We’ve all heard that building this industry requires a multi-stakeholder approach. But there’s also an important transition that needs to happen within companies themselves. For instance, an expert at Pfizer shared just how many teams found themselves crossing paths and interacting for the first time thanks to biosimilar development. And I know there’s still more room to grow. I’ve heard a much-needed internal evolution is for experts on the policy side to engage more regularly with those on the commercial side of the business. In some cases (depending on the company, of course), there is little interaction between those heading up the biosimilar business and those in, say, government affairs. This is a shame, considering experts from both sides could likely learn quite a bit from each other given our current market.

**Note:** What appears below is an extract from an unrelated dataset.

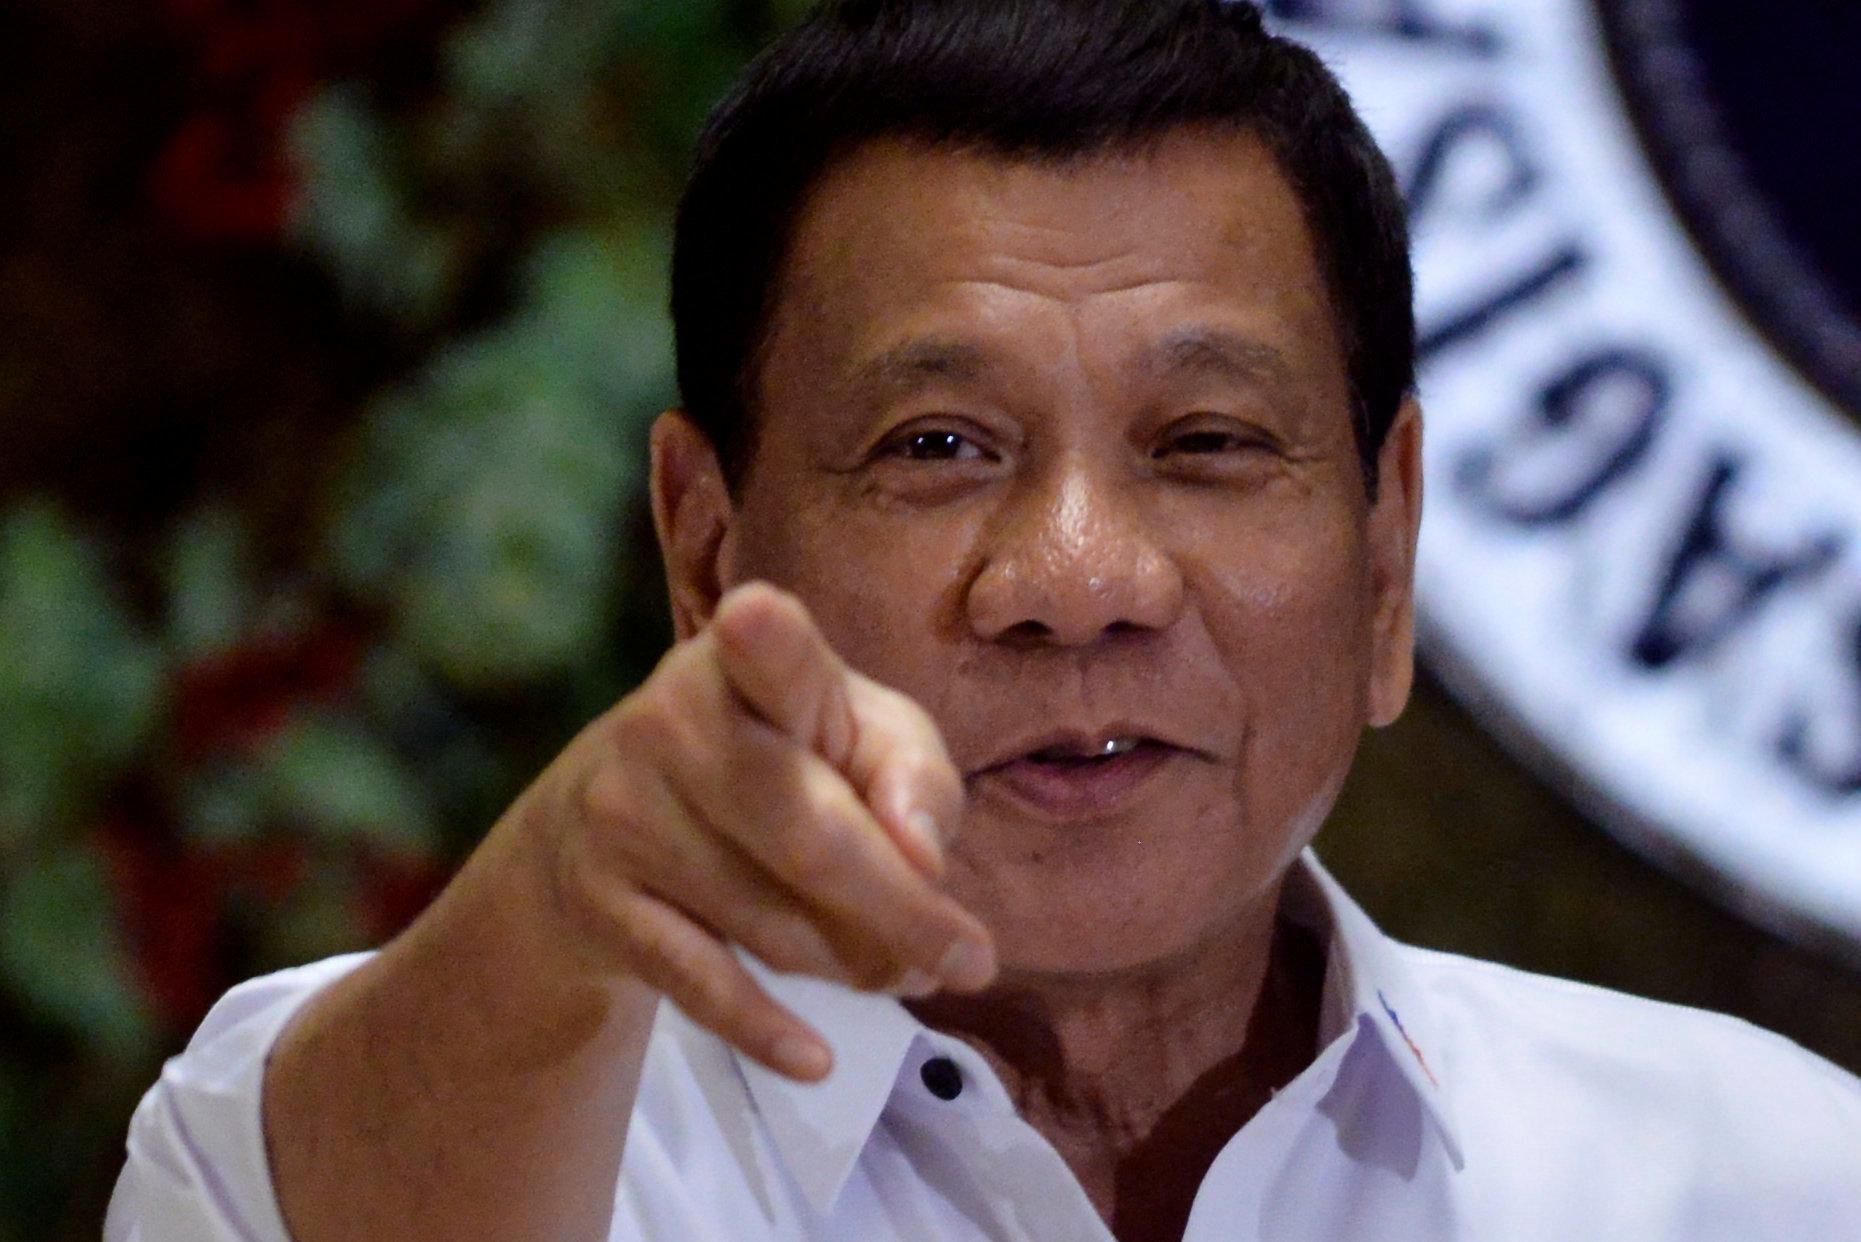 Philippine President Rodrigo Duterteclaimedhe once hurled a man suspected of rape and murder...
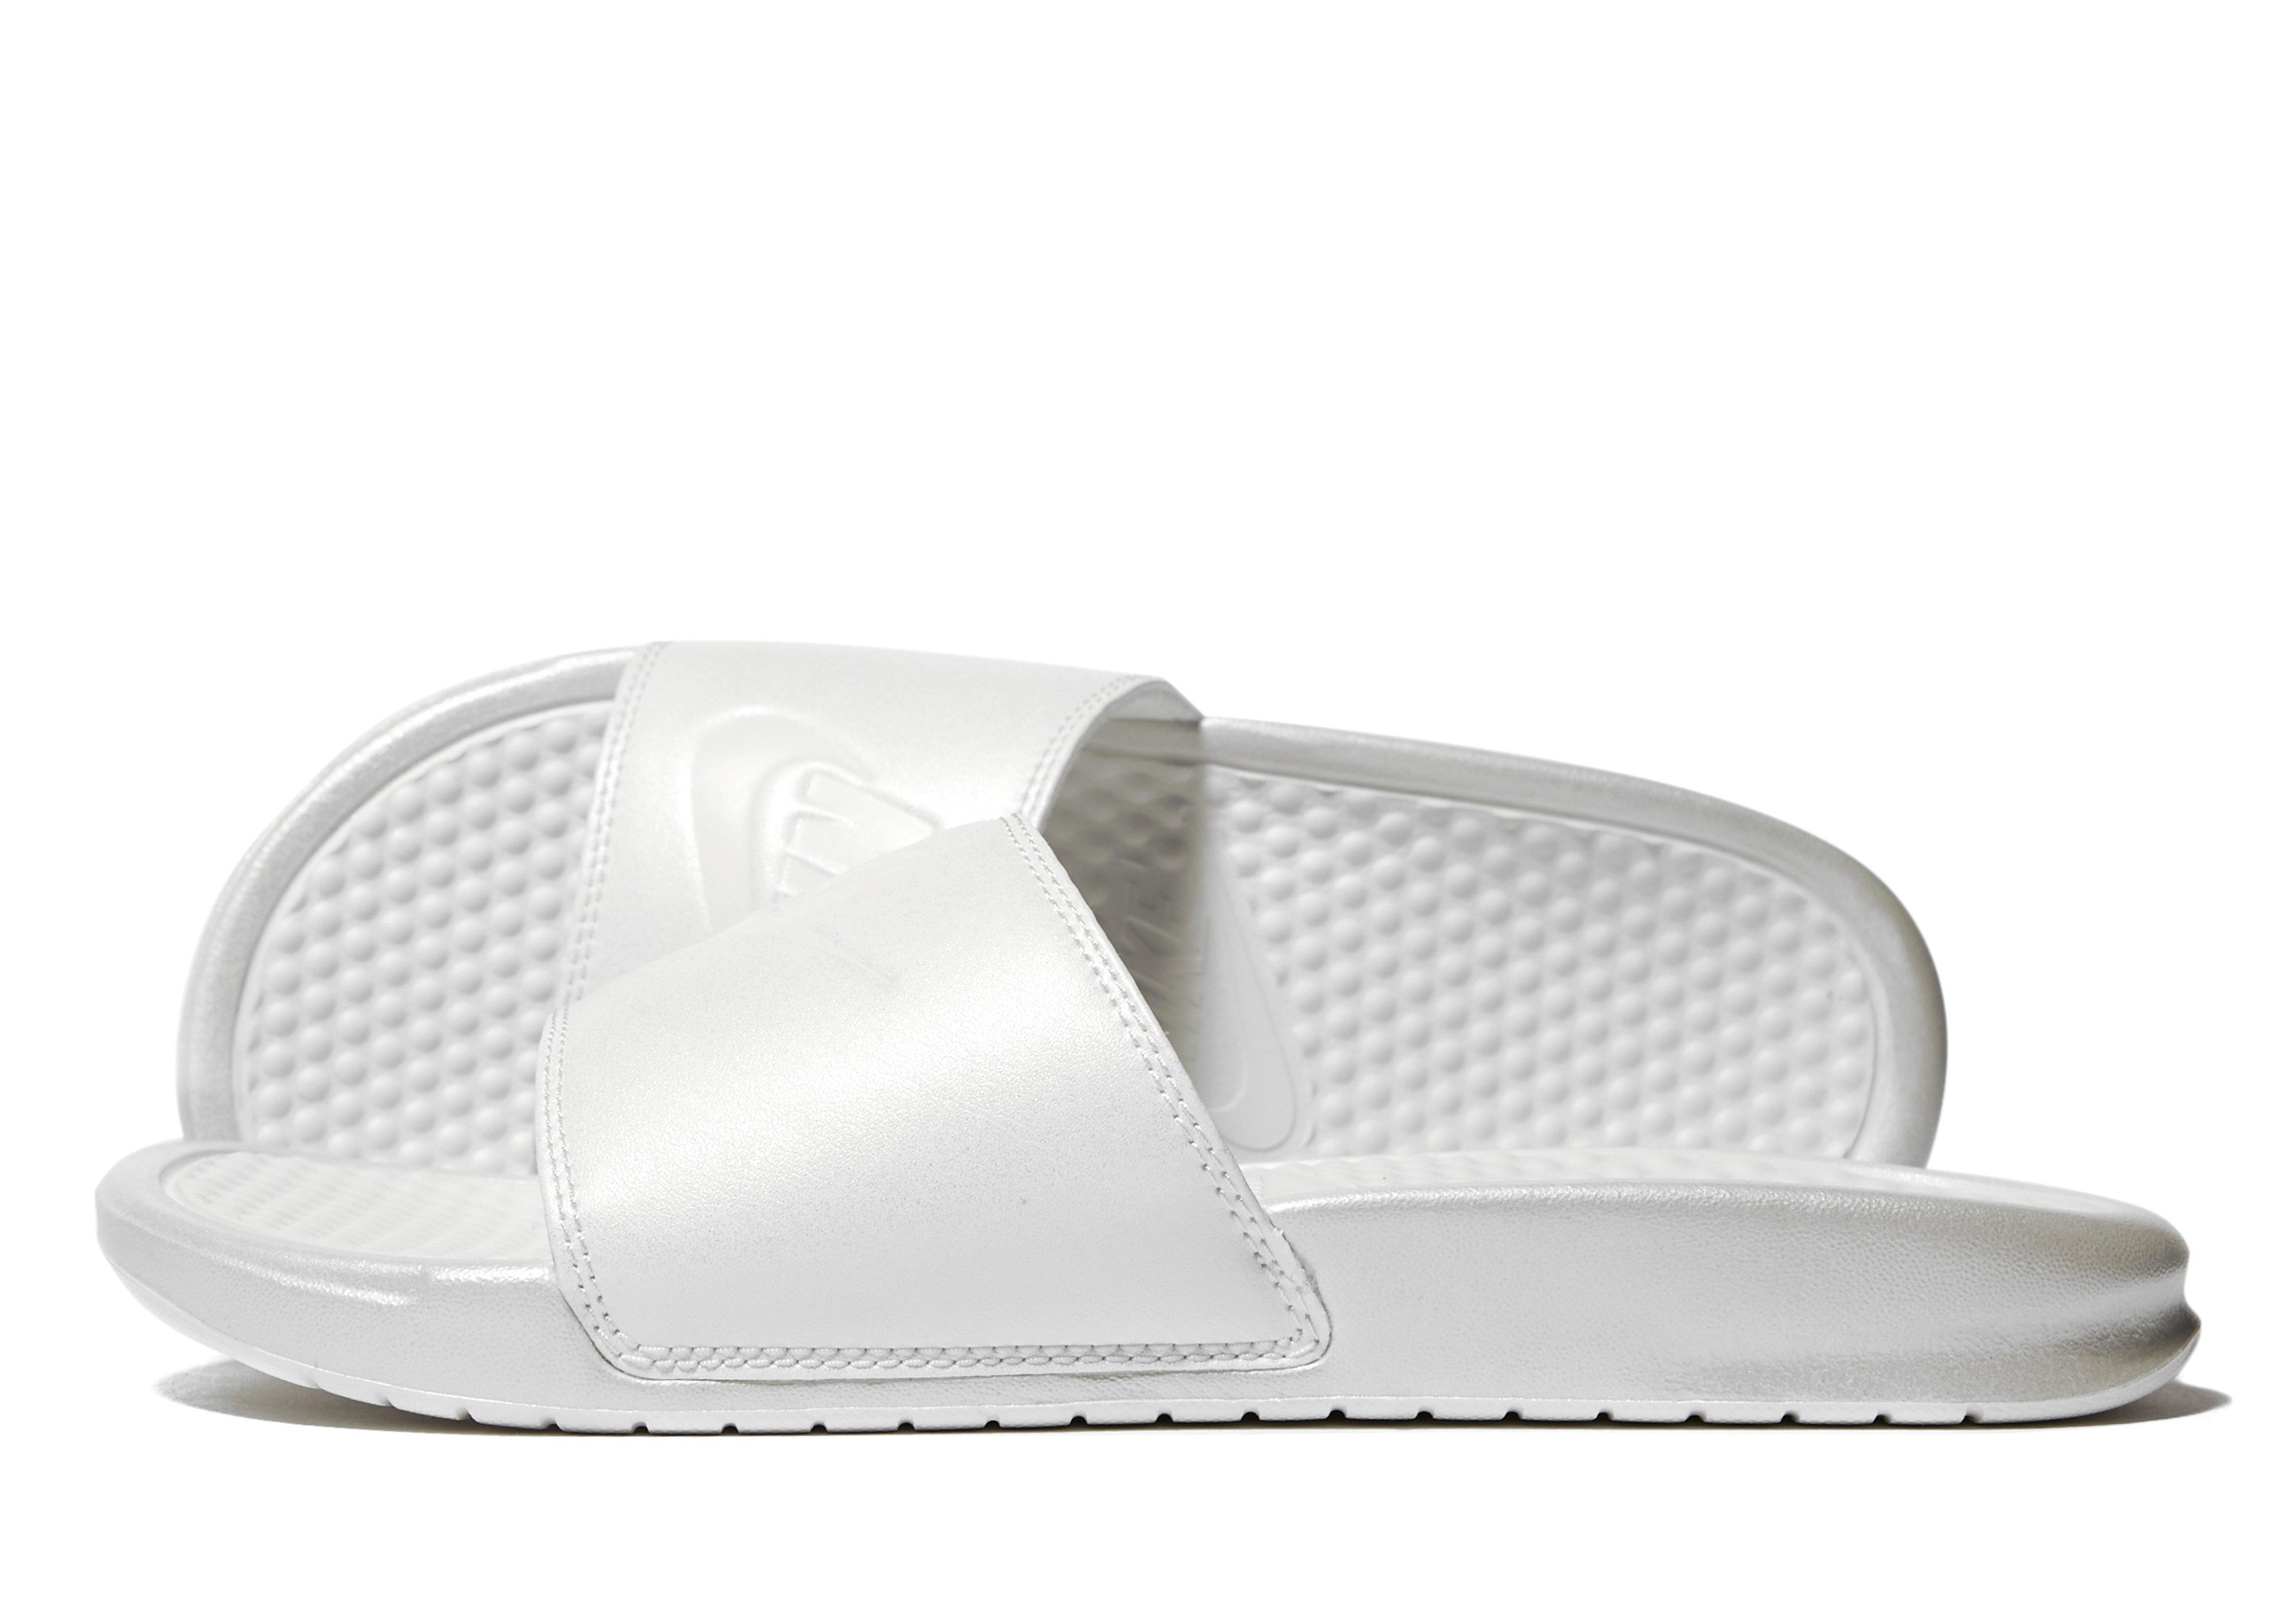 d8a7ddde2daa5d Lyst - Nike Benassi Slides in White

Brainstorming solutions and presenting potential approaches for the FDA whenever the occasion calls for it will involve stepping outside of your own departments and expertise to better learn the possible strategies moving forward and what will or will not work in practice. The FDA has always asked for feedback when it comes to new guidances and policies, and, yes, quite often we’ve found the FDA has stuck to its guns or tried to take a middle ground thanks to our diverse base of opinionated stakeholders (hello, whacky naming guidance). But given the urgings of the FDA for greater specificity in written comments at the recent Part 15 hearing, I think it’s clear the agency is open to and wants the industry’s opinion on how it can successfully move forward.
The FDA knows its stuff when it comes to the science of biosimilarity and regulatory policy. But a lot of the strategies it can and should implement in the future will require the help and perspectives of non-scientific brains, as well. And we, as an industry, shouldn’t be shy about providing them with those perspectives.